On my walks I began to discover our neighbourh­ood, for example the gnome house, which boasted an assortment of weathered garden gnomes with massive and almost menacing smiles doing various activities like BBQ-ing and bursting out of Easter eggs; and the Christmas house, which forgot to take its mass of Christmas lights down four months ago; and the house right by where the new speed bump went in a few weeks back, with the lady who chain-smokes standing in her driveway while her seven kids tear up the lawn. It felt good to get outside.

Out of the blue, late-April, Tessa came to me crying. Was it one of those pesky trapped farts again? No. Did she still feel bad about the Shavasana Incident? No. I probed more. Was it the fact that my cute Amishness is fading now that my hair is growing out? No. Have I not been calling her Marilu enough? No. Then what was it?

“Well, Georgie-poo,” she said, crying but smiling, or trying to force a smile through the crying, which—how do I draw a comparison

for how demented it looked?—looked like a happy rubber ducky being forced through a meat processor.

“Georgie-poo, I’ve made a blunder.”

“Okay…” I had no idea what to expect.

“Georgie-poo, back in February, I got pregnant with our love child.”

Love child?

“I got really scared. You just weren’t ready to be a father, Georgiepoo, so I got an abortion secretly. I was fine with the whole thing and carried on. But now that spring is coming and flowers are blossoming, I’ve begun feeling extraordin­arily sad. So I went to a therapist last week. She assessed me. And I went back again today, and she gave me a strategy to get over this once and for all. And, Georgie-poo, I think I need to do it.”

There was no “okay” in my arsenal of how to respond. How to respond? No response. She dodged a bullet that to me may’ve been a butterfly. She didn’t ask me first—she deceived me. I was devastatin­gly jaw-dropped, but only for a brief second, because then, seeing her cry, teeth overwhelmi­ng her face and her head sinking back into that flaccid blonde ponytail of hers, I thought, poor Tessa.

“Tessa, I—” the words were hard to choke out, “I mean, Marilu, I’m, I’m so sorry for your loss—our loss. I know that must’ve been such a difficult decision for you. Come here, let me hug you.”
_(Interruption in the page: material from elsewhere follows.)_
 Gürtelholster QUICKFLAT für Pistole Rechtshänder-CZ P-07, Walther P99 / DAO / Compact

And so we hugged. For a long time. Afterward, I assured her that no, she didn’t accumulate any frown lines from the exchange, “you were smiling the whole time.”

I’m not exactly sure what therapist in their right mind would suggest that a heartbroke­n woman, who has just lost a child, put 365 Post-its on her bedroom wall in the shape of a fetus—“one for each day of the year, Georgie-poo. I am supposed to take one off every morning, and every one I take off will mean a bit less sadness for me until the whole thing is gone from the wall and my heart”—but there they were, a rainbow of Post-its formed as a lopsided seahorse to greet me each morning before I’d set out on my walks.
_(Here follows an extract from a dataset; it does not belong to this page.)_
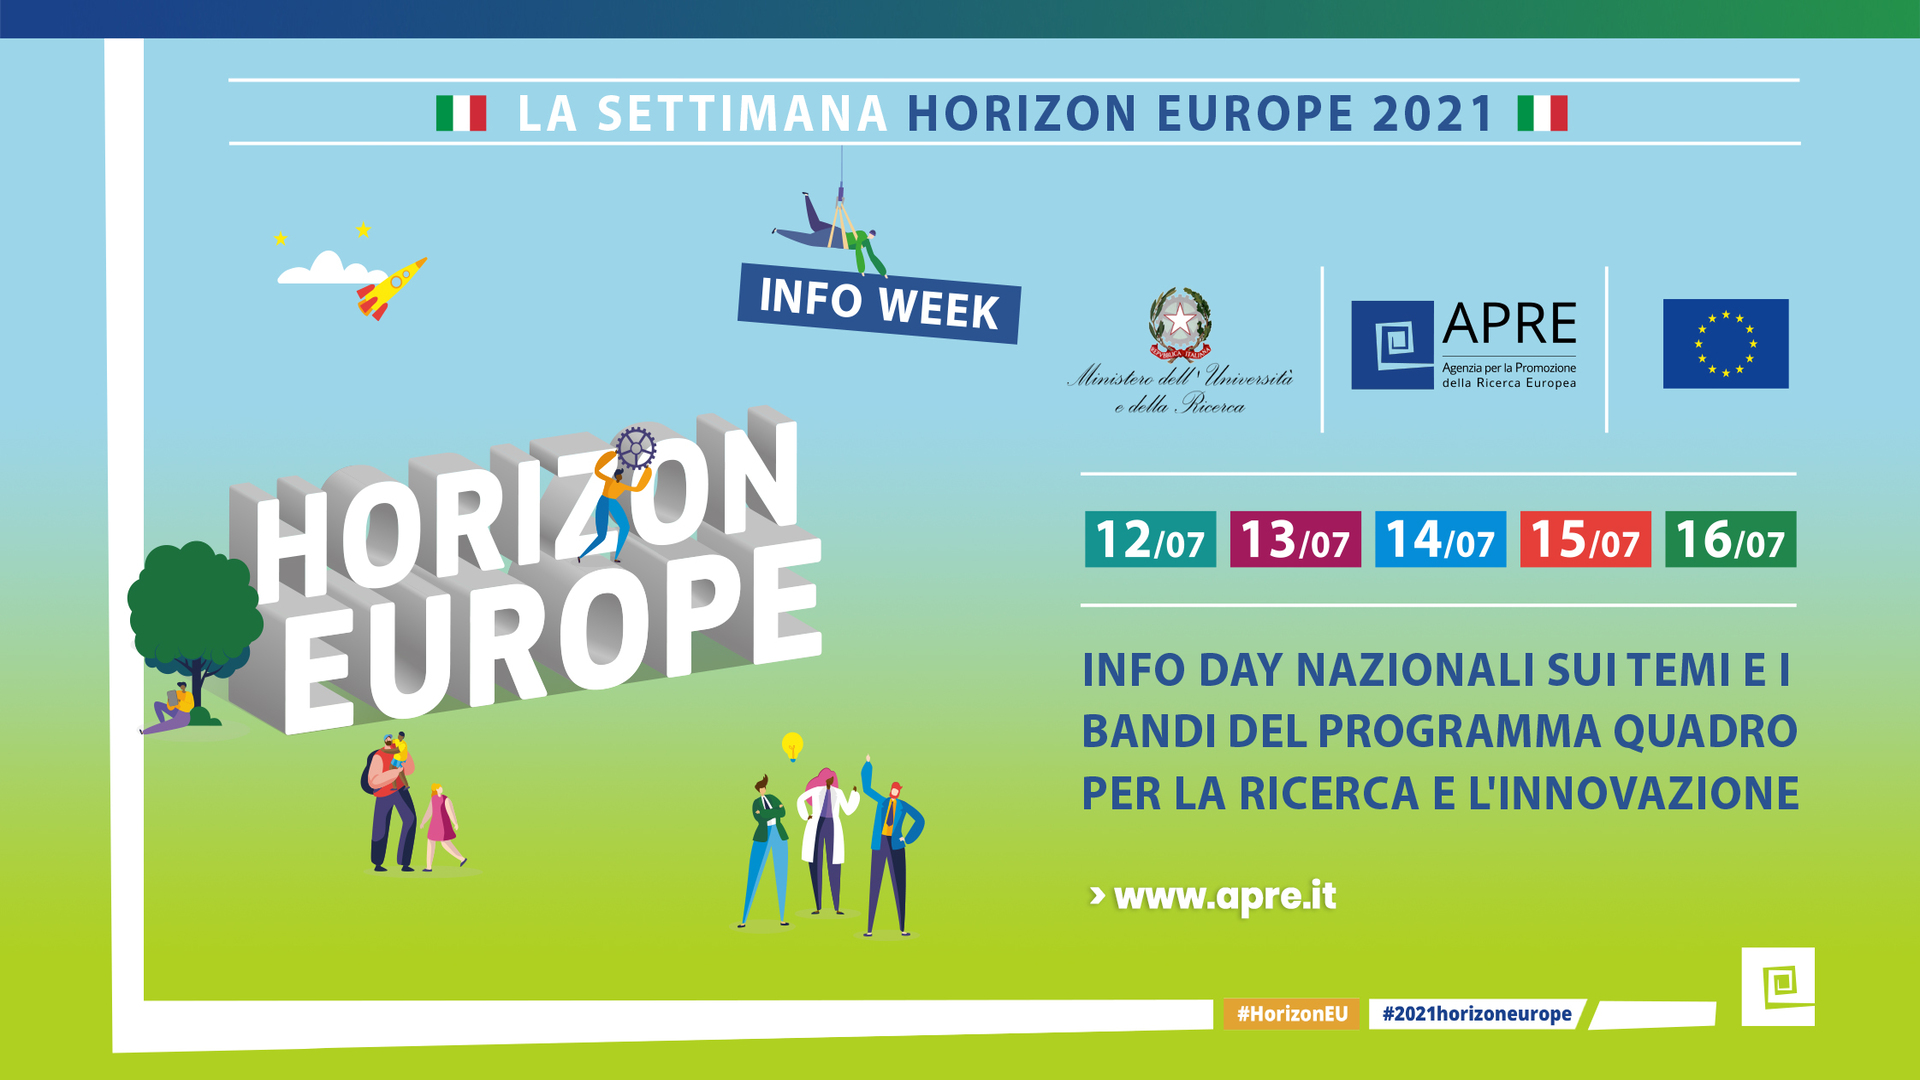 APRE dà il via alla Settimana HORIZON EUROPE italiana
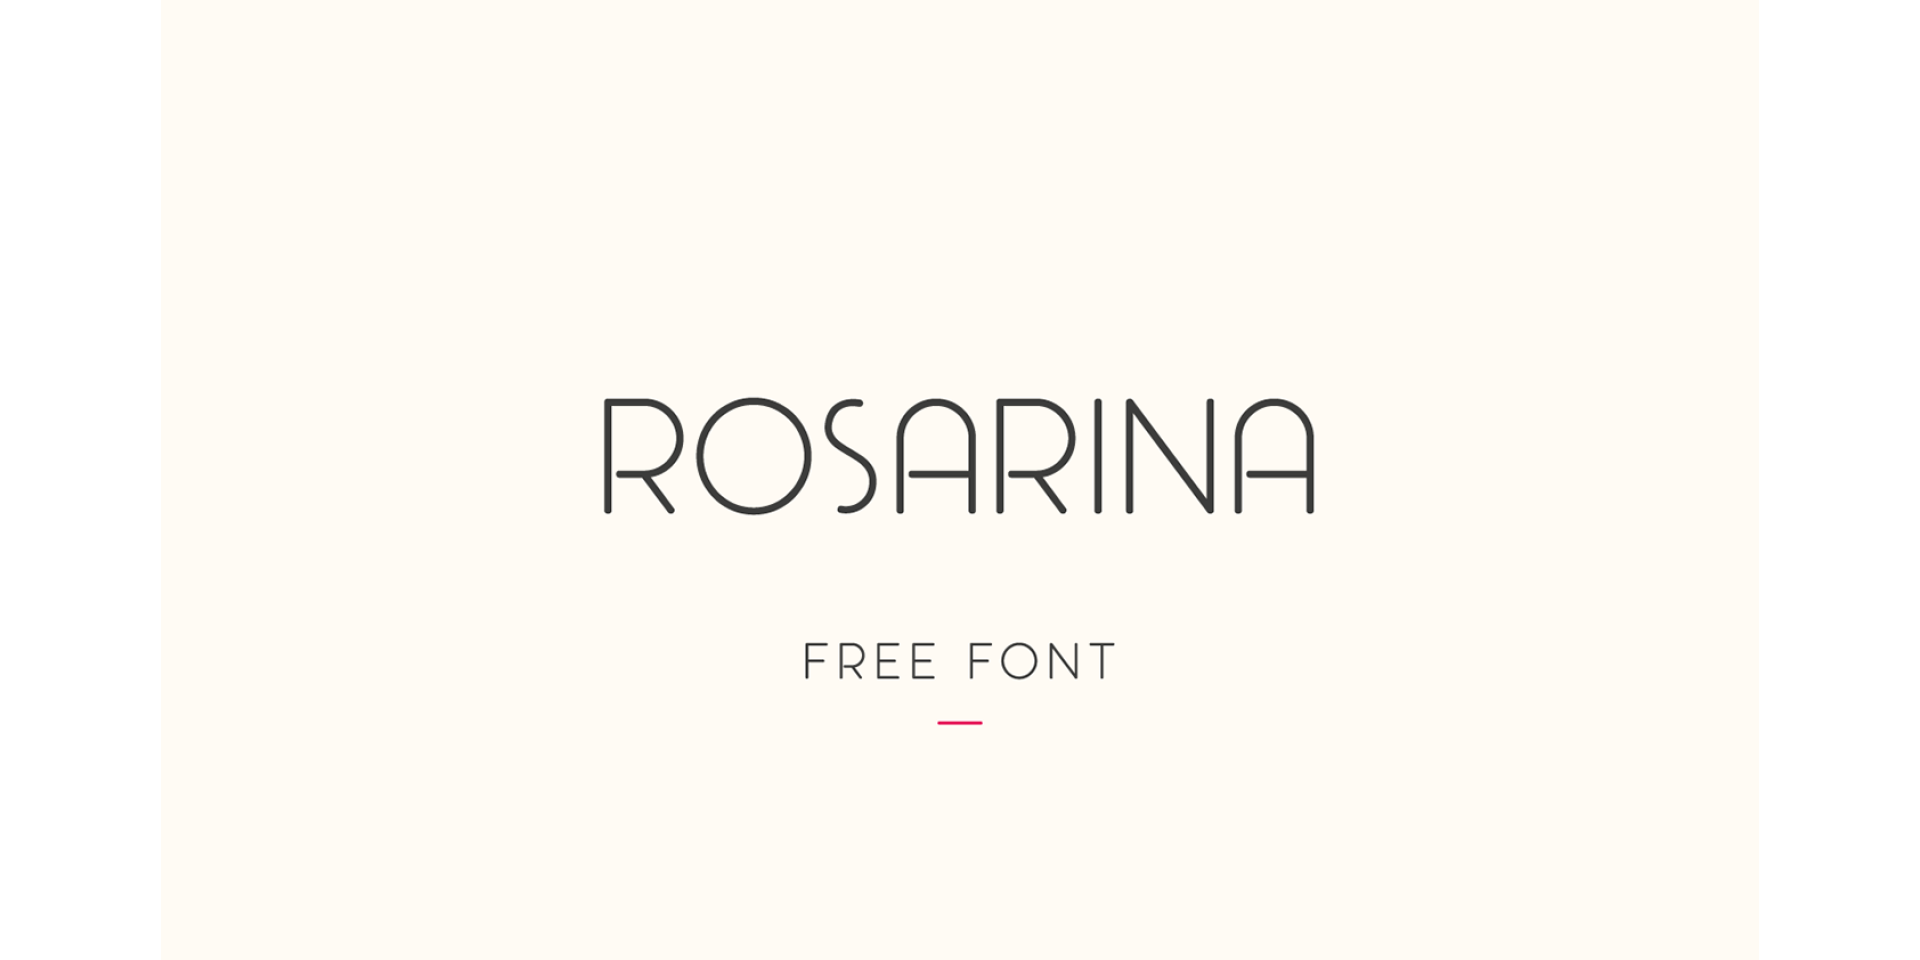 Rosarina

“Are you sure this is necessary? I mean, it could be painful being reminded of this each day.”

“George—you listen here. This is what the therapist said would help me. I am ready and willing to try anything.”
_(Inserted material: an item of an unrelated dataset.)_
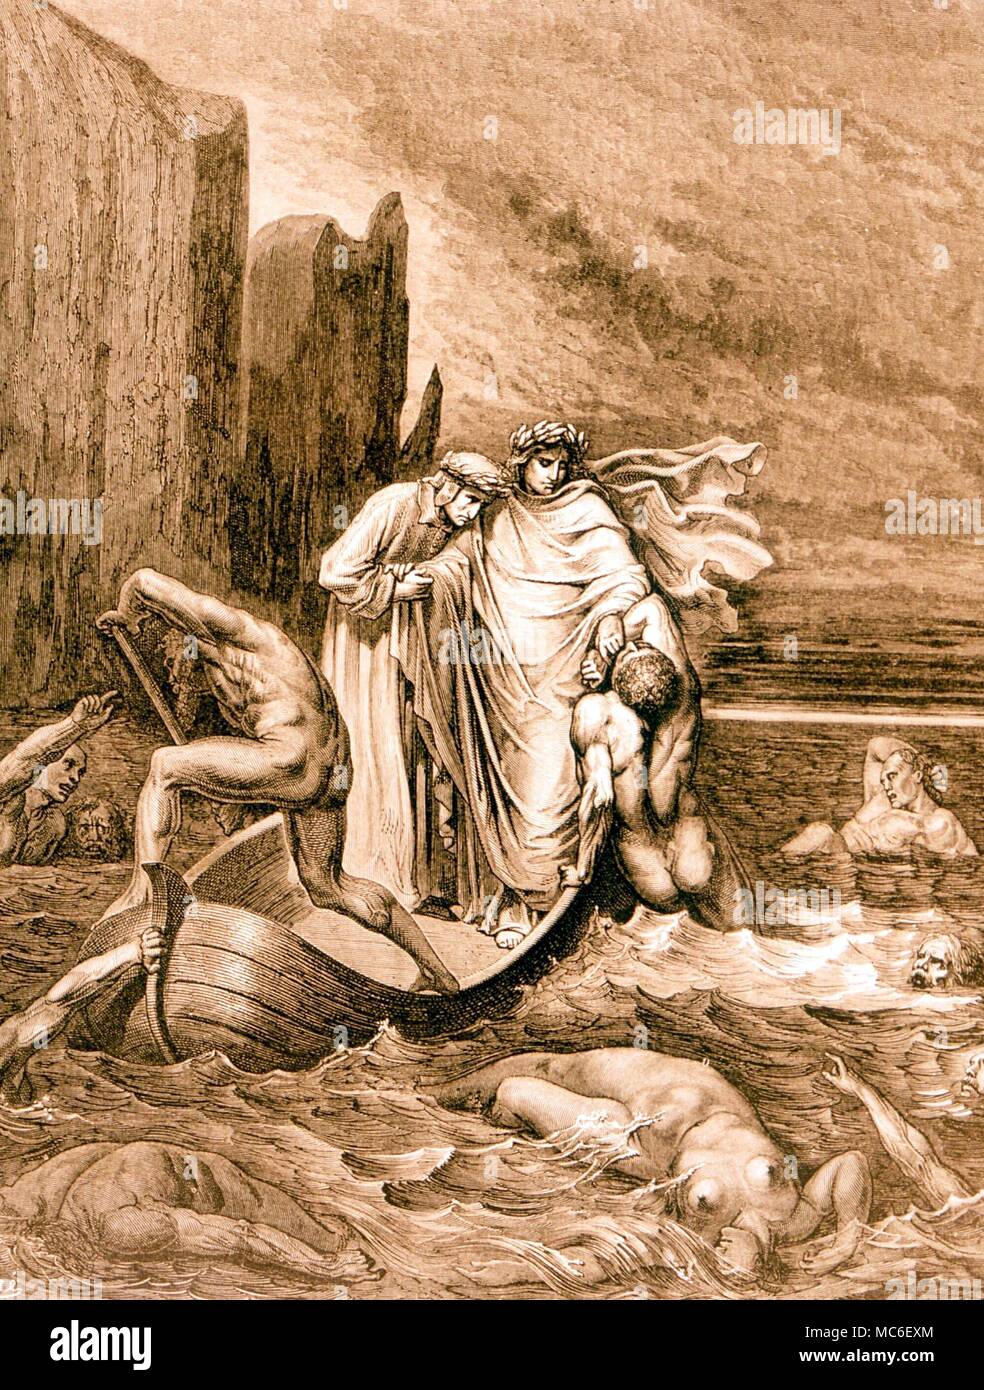 Hölle - Dantes Charon Abbildung von Gustav Doré zu Canto VIII. von Dante's Inferno. Dante, Vergil und Charon überqueren den Fluss der Hölle Stockfoto

“Okay, fine,” I said, putting my running shoes on, about to leave. “Don’t forget to wear your baseball cap!”

More weeks passed. I still hadn’t heard from any of the firms I applied to. Tessa continued to peel off her Post-its one by one and birth her PhD, sometimes doing breathing exercises she described as Lamazey in order to ease it out. My walks started to triple. I’d walk morning, noon and night. I noticed the Christmas house still turned on its lights every night in the hazy April dusk. What forgetful people, right?— until I saw a miniature Christmas tree suddenly appear one day lit up in their front window. It was the beginning of May and the first time in my life that Christmas decoration­s felt creepy. I pulled my Tiger Cats baseball cap further down on my head, almost covering my eyebrows, and kept walking. Later that week, musing about the many possible adventures of Tessa’s teeth, I noticed the gnome house was suddenly, inexplicab­ly, denuded. In the place of the smiley, exuberant gnomes, a typed letter was tacked to a tree trunk:

To the Idiot(s) that Took Our Gnomes,

We wanted to bring joy to our street with our garden gnomes. Our daughters and we put our precious gnomes on our lawn in good faith, believing that we live among respectful people. Unfortunat­ely now we have to reconsider this. Please bring back our garden gnomes—our five-year-old cries whenever she comes home from school because the gnomes are gone and she’s reminded of what a nasty world we live in.

The Robertsons

I shivered, pulled my baseball cap further down, now completely covering my eyebrows, and carried on my way.

Soon after, I finally received an email from one of the firms I applied to. Earlier that particular week, worried, I sent a follow-up email asking if they’d considered my applicatio­n. The email they sent in return said something along the lines of, Please do not contact us again. If you do, we will have to take legal action. What the fuck? I called them immediatel­y to tell them they’d made a mistake. The receptioni­st told me if I ever called there again, they would have no choice but to call the police. “And, the last package you sent us,” she said snarkily, “the one with the wind-up carousel and that card you wrote in baby’s writing—that was like, all just so twisted.” The line went dead. I tried calling back fifteen times, all to no avail.

I didn’t want to let Tessa see me upset, but I was so shaken, so deeply rattled, what else could I do but crawl to her, crying?

“There, there, Georgie-poo. These things happen. The right job will come along, I promise.”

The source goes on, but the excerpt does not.